Department of Neurobiology and Anatomy, Wake Forest University School of Medicine, Winston-Salem, North Carolina

Submitted 6 June 2006; accepted in final form 5 September 2006

The integration of visual and auditory information can significantly amplify the sensory responses of superior colliculus (SC) neurons and the behaviors that depend on them. This response amplification depends on the development of SC inputs that are derived from two regions of cortex: the anterior ectosylvian sulcus (AES) and the rostral lateral suprasylvian sulcus (rLS). Neonatal ablation of these cortico-collicular areas has been shown to disrupt the development of the multisensory enhancement capabilities of SC neurons and the present results demonstrate that it also precludes the development of the normal multisensory enhancements in orientation behavior.
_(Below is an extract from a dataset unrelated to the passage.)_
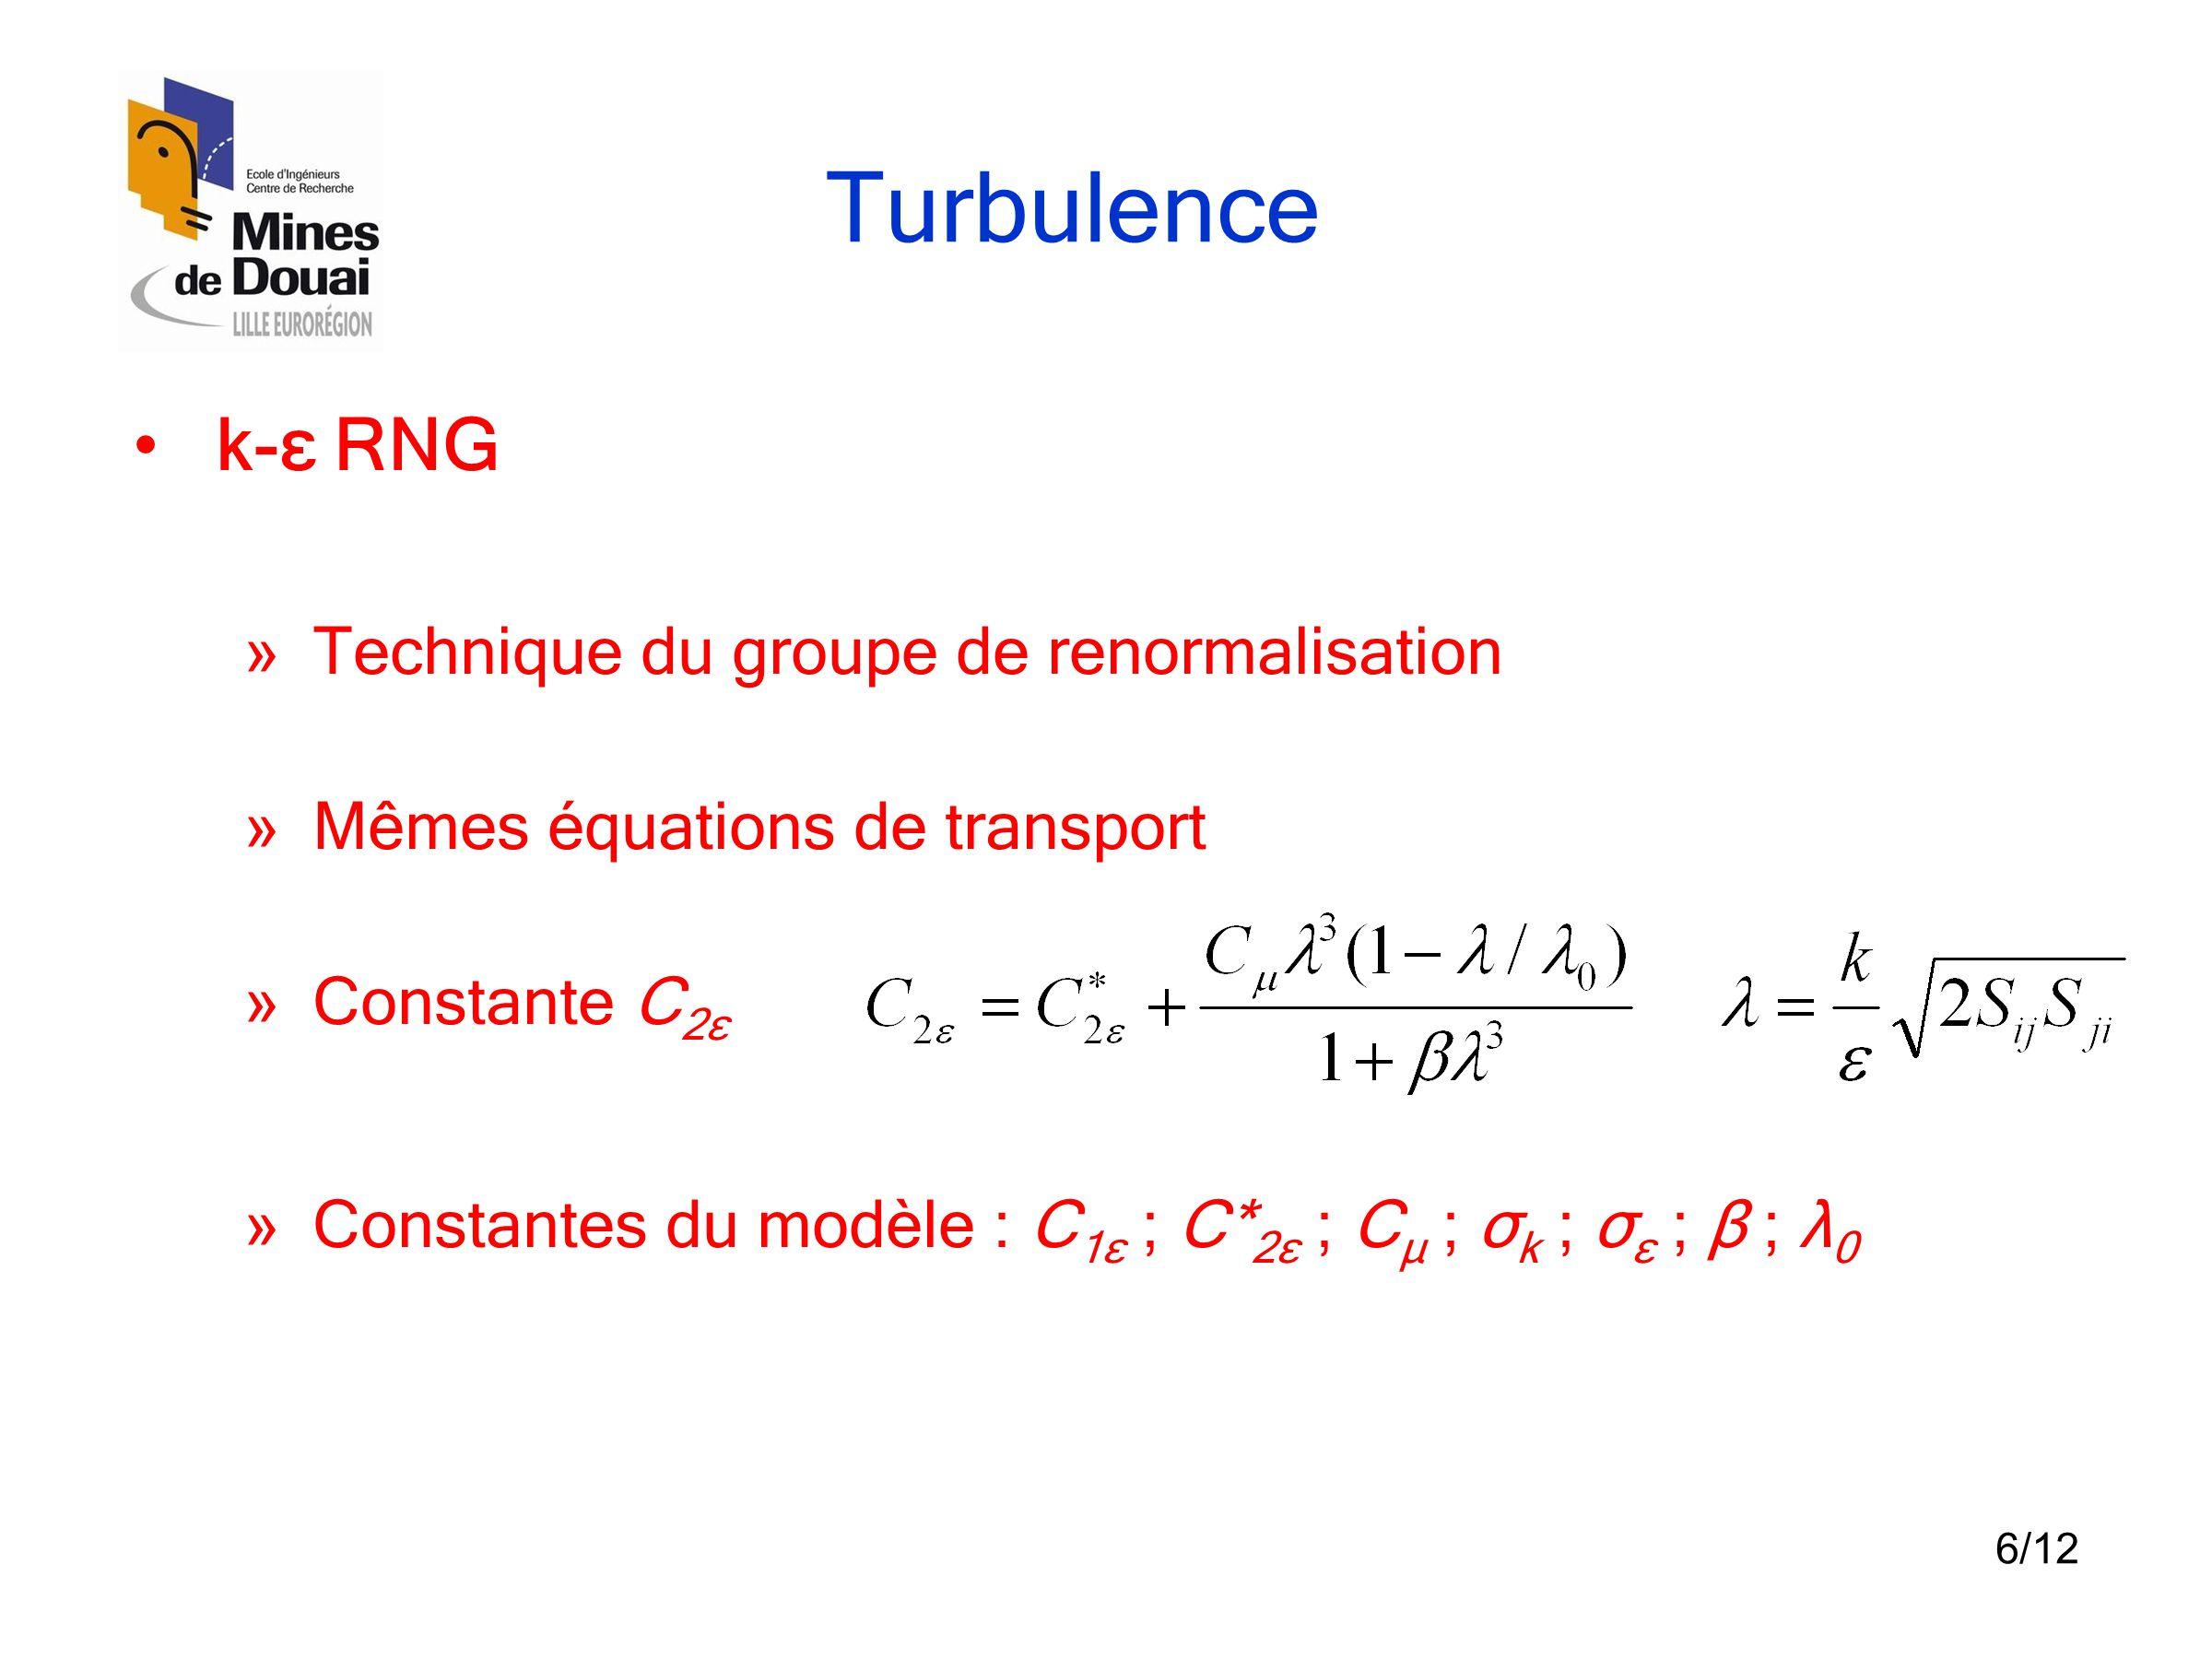 Turbulence k-ε bas-Reynolds Mêmes équations de transport

Animals with neonatal ablation of AES and rLS were tested at maturity and found unable to benefit from the combination of visual and auditory cues in their efforts to localize targets in contralesional space. In contrast, their ipsilesional multisensory orientation capabilities were indistinguishable from those of normal animals. However, when only one of these cortical areas was removed during early life, later behavioral consequences were negligible. Whether similar compensatory processes would occur in adult animals remains to be determined. These observations, coupled with those from previous studies, also suggest that a surprisingly high proportion of SC neurons capable of multisensory integration must be present for orientation behavior benefits to be realized. Compensatory mechanisms can achieve this if early lesions spare either AES or rLS, but even the impressive plasticity of the neonatal brain cannot compensate for the early loss of both of them.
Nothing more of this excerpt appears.